The authors then used imaging to measure the activity of Purkinje cells –– the major output cells of the cerebellum –– in crus I. They found a group of cells that track stimulus information by increasing or decreasing their activity during the period of air puff presentation. Some cells were more active for air puffs on one side or the other, and a few cells tracked the difference in the number of rightward vs. leftward air puffs. The authors were able to use the activity in all these cells to predict the animals’ upcoming choices. Finally, the authors looked at the Purkinje cell dendrites, where the cells receive the most inputs from other neurons. They found that most of the dendrites were more active right after mice made erroneous choices. In other contexts, similar error signals have been shown to be important for learning by driving plasticity in Purkinje cells – in other words, modifying how these cells respond to the input signals they receive.
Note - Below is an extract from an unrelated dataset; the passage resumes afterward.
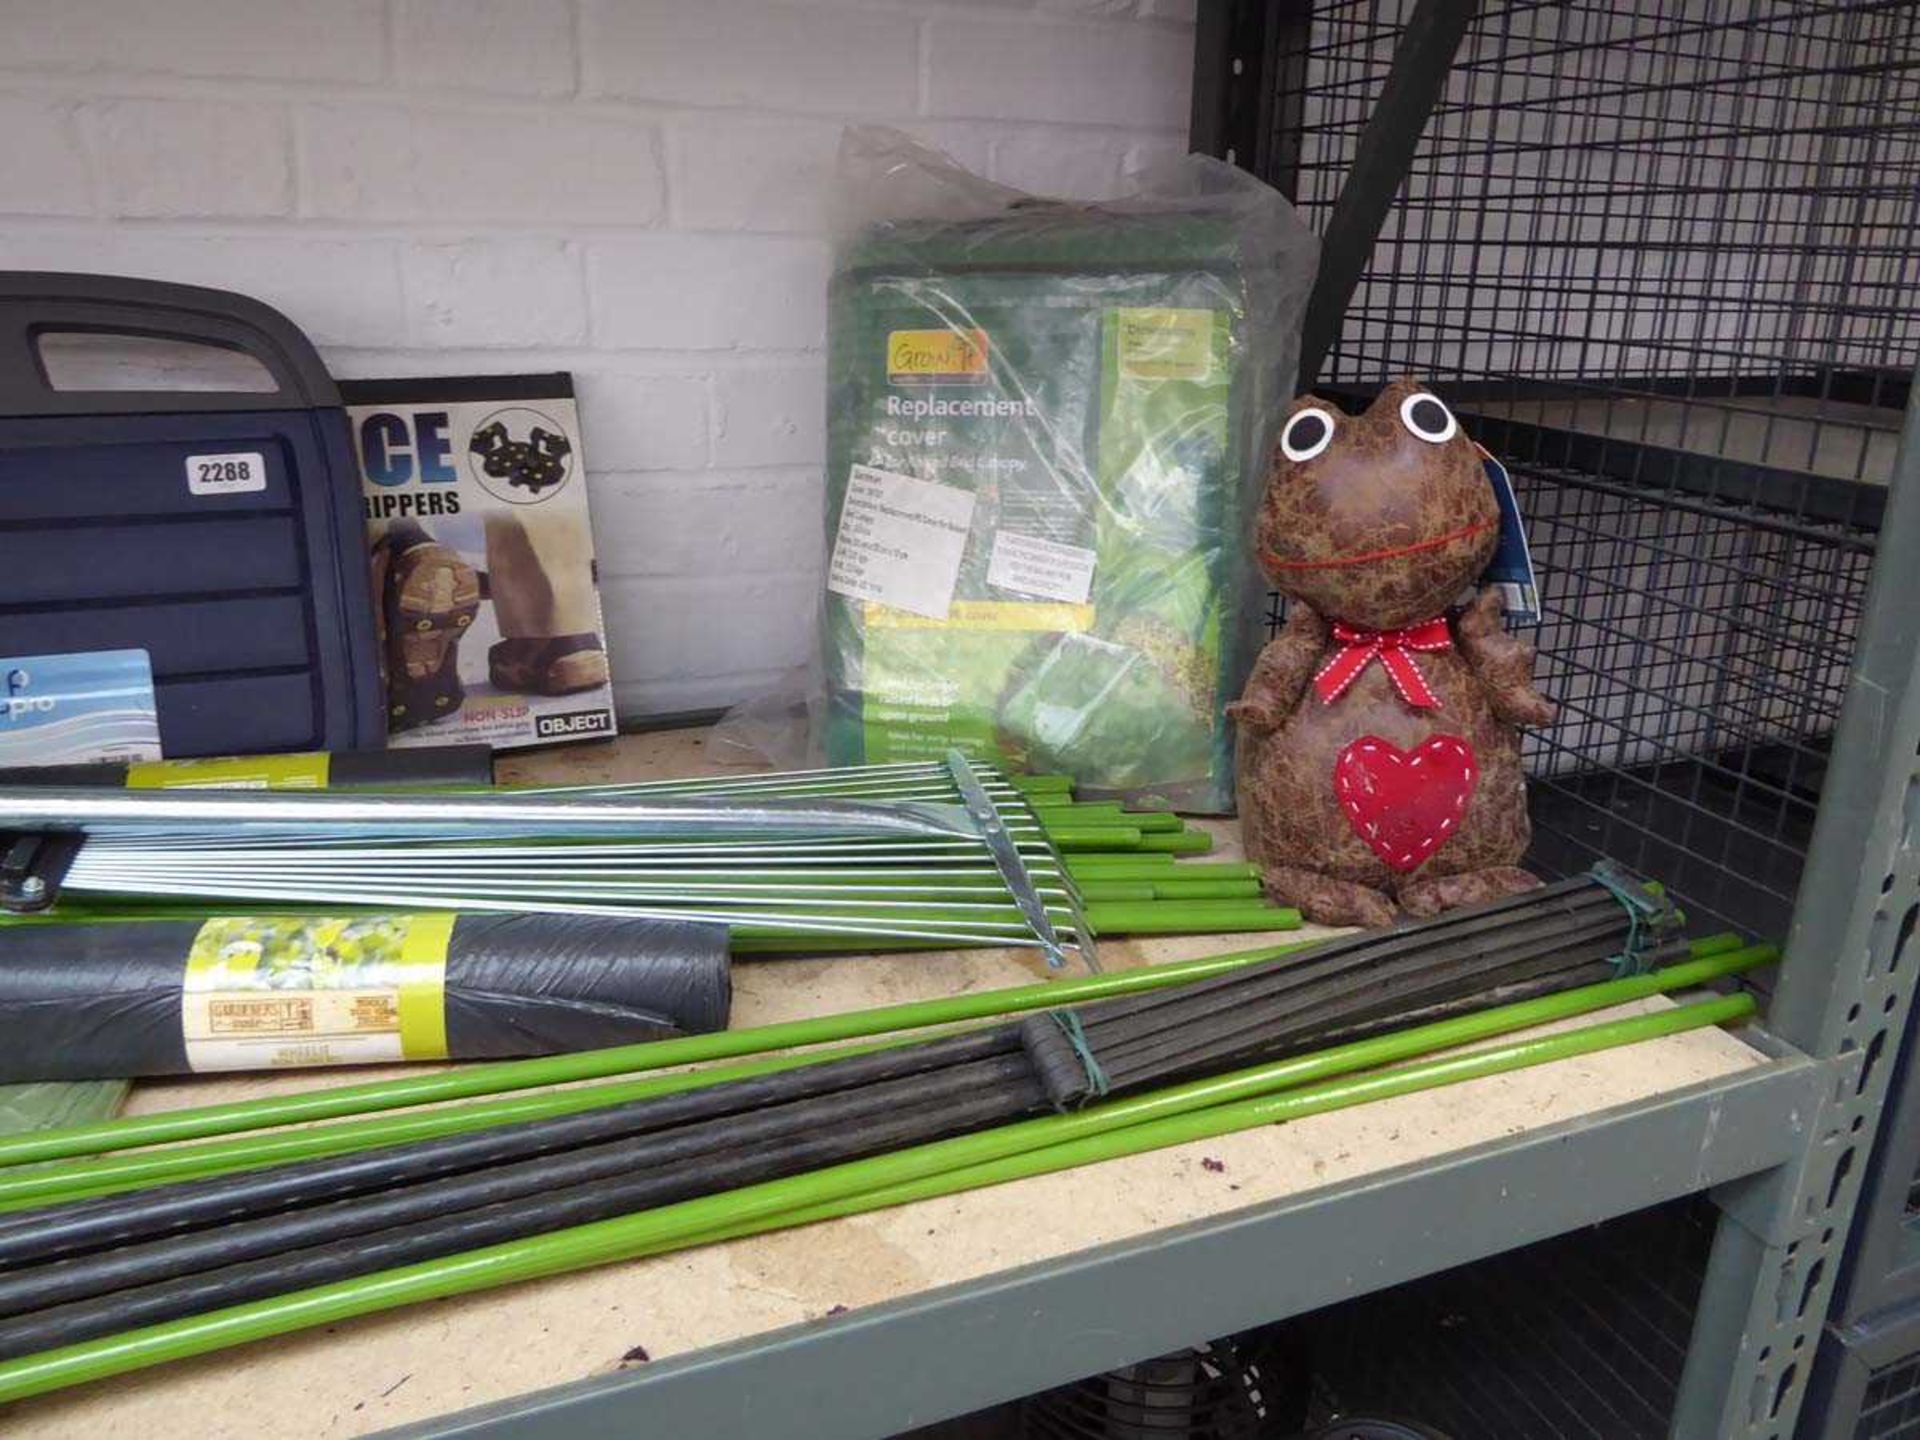 2 bays of mixed gardening related items incl. weed control fabric, tomato plant support frames, - Image 4 of 7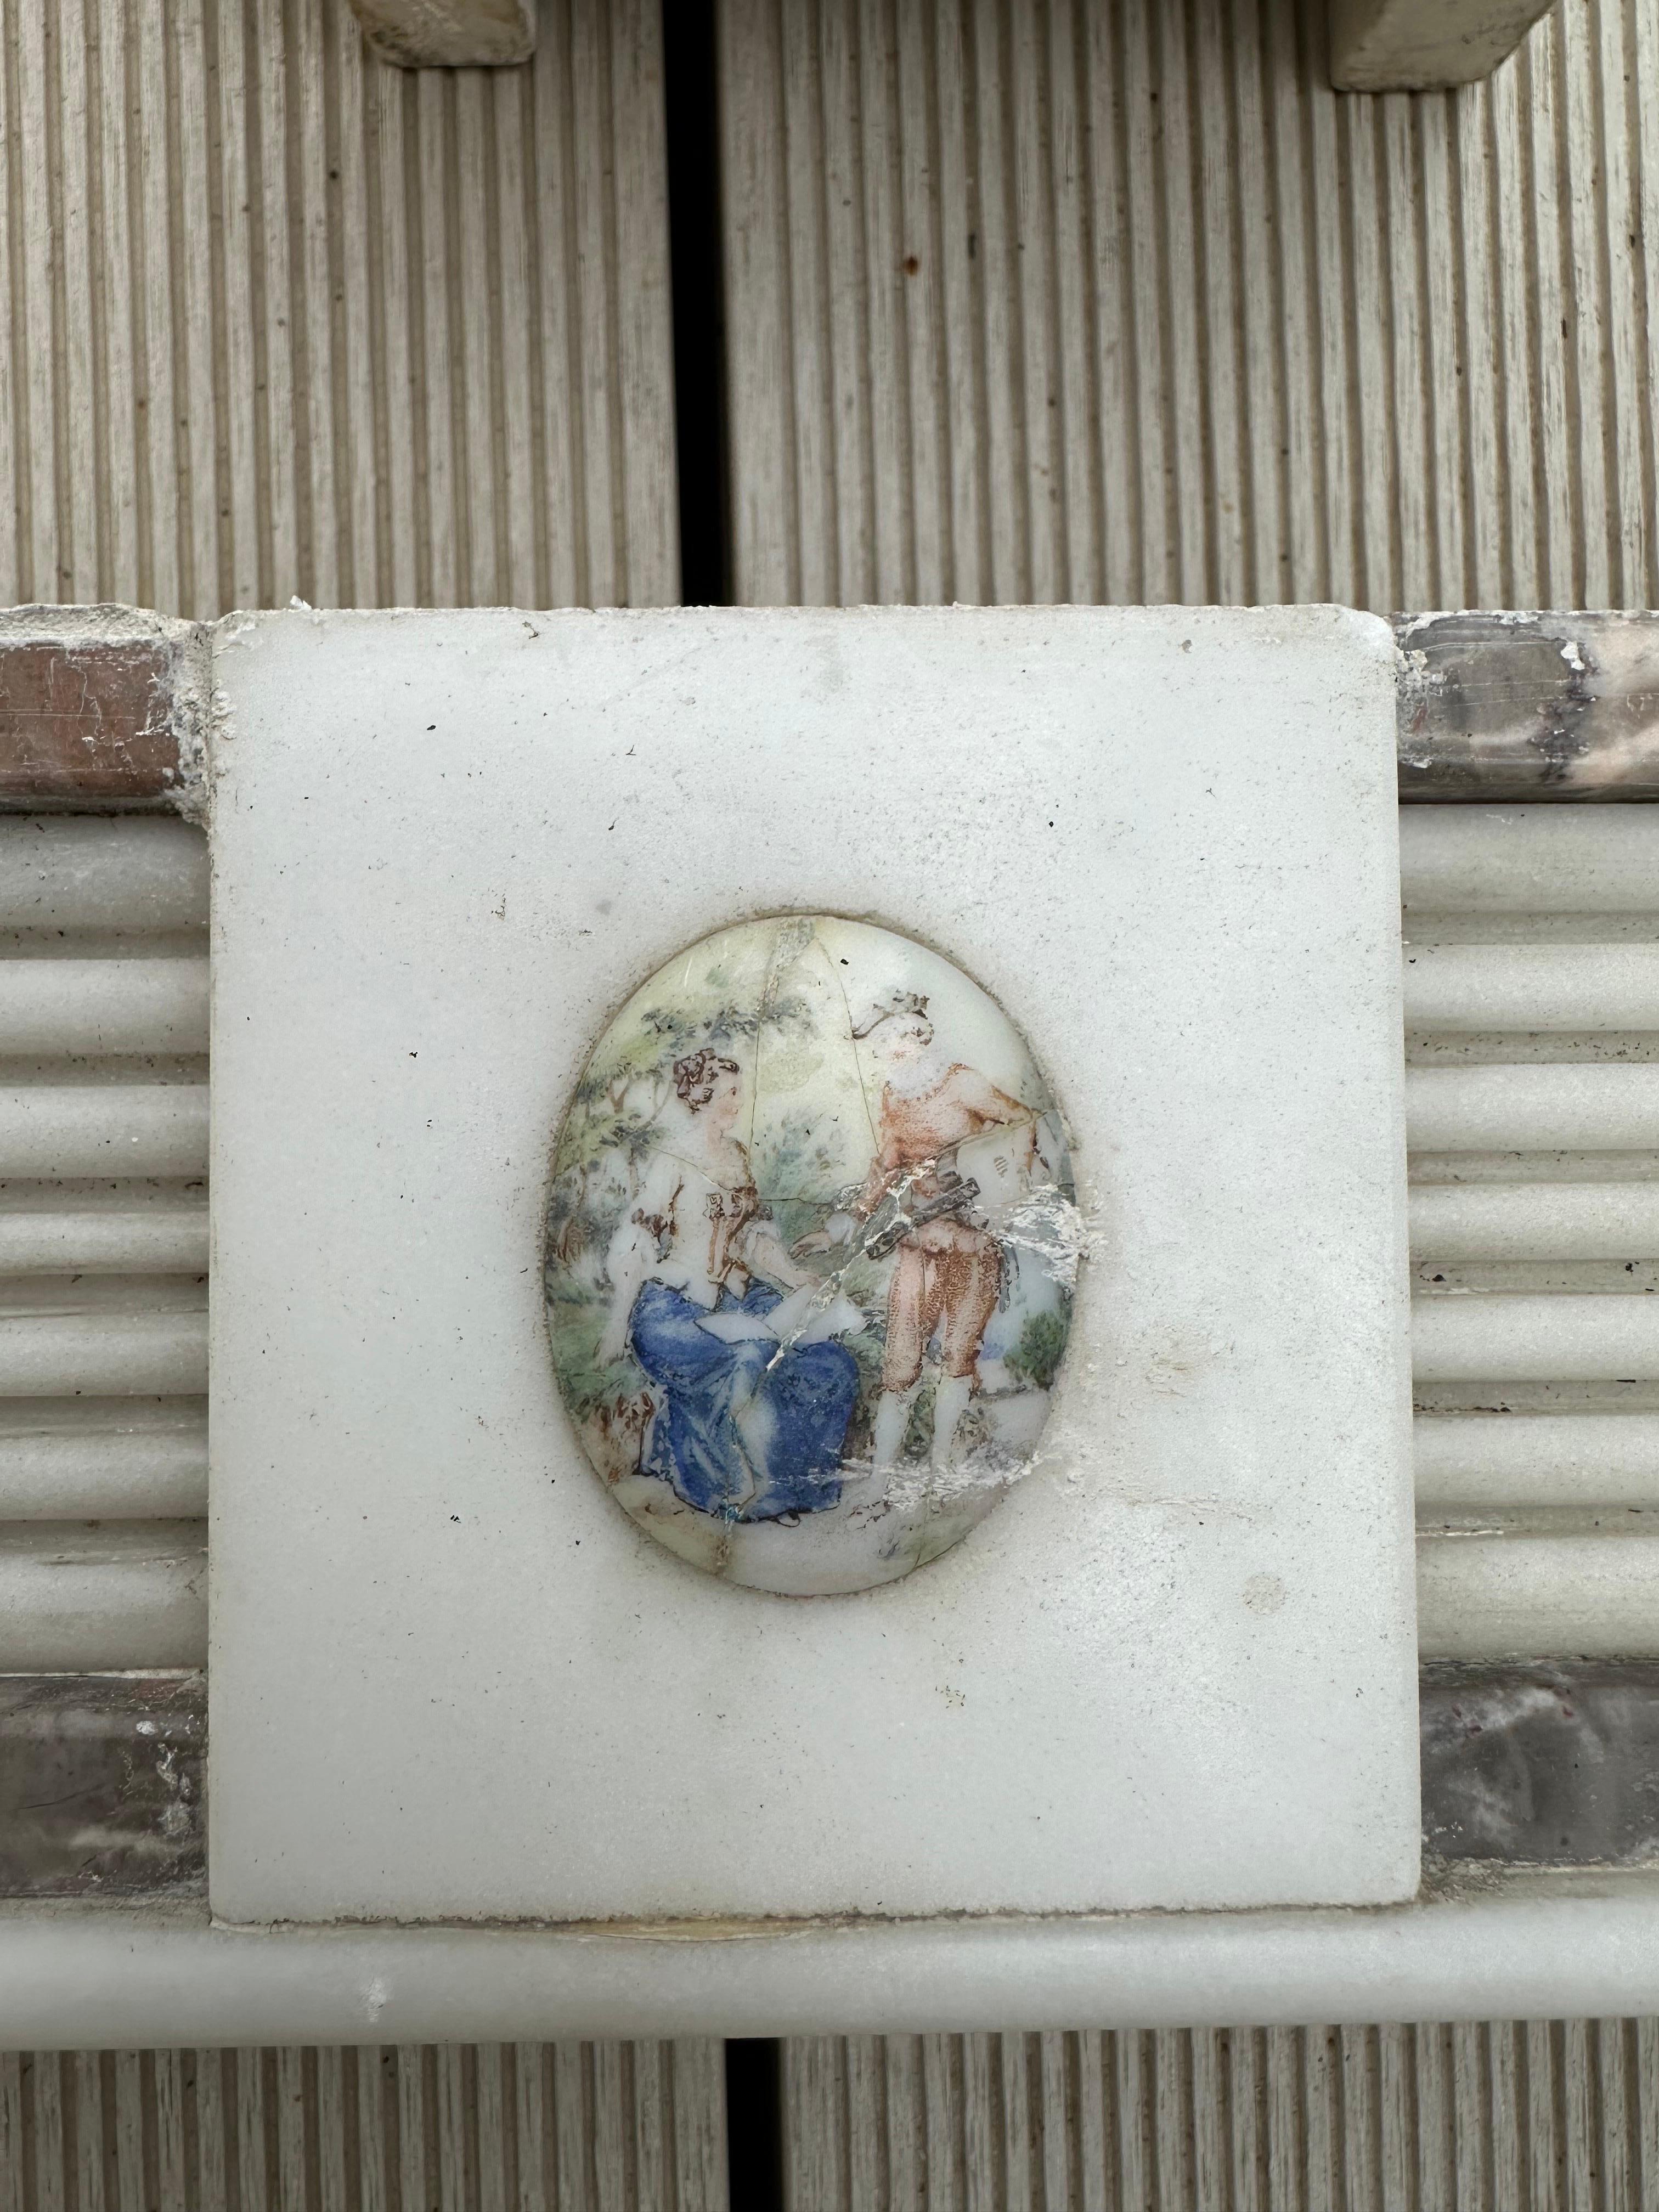 19th Century Edwardian Statutory Marble Mantel Piece In Good Condition For Sale In Southall, GB

This study is exciting because it supports the possibility that the cerebellum, known to be important for motor coordination and motor learning, might also be important for coordinating and monitoring more cognitive tasks. The authors have provided evidence that neurons in crus I provide some of the signals necessary to carry out this role. However, future work will be necessary in order to uncover exactly how the activity in these cells relates to task timing, sensory signals, and choice formation in perceptual decision-making.

References:

[1] Strick PL, Dum RP, Fiez JA (2009) Cerebellum and nonmotor function. Annual Review of Neuroscience 32:413-434. 

[2] Balsters JH, Cusssans E, Diedrichsen J, Phillips KA, Rilling JK, Ramnani N (2010) Evolution of the cerebellar cortex: the selective expansion of prefrontal-projecting cerebellar lobules. Neuroimage 49(3):2045-2052. 

[3] Stoodley CJ, Valera EM, Schmanhmann JD (2012) Functional topography of the cerebellum for motor and cognitive tasks: an fMRI study. Neuroimage 59(2):1560-1570. 

[4] Deverett B, Koay SA, Oostland M, Wang S (2018) Cerebellar involvement in an evidence-accumulation decision-making task. eLife 7:e36781.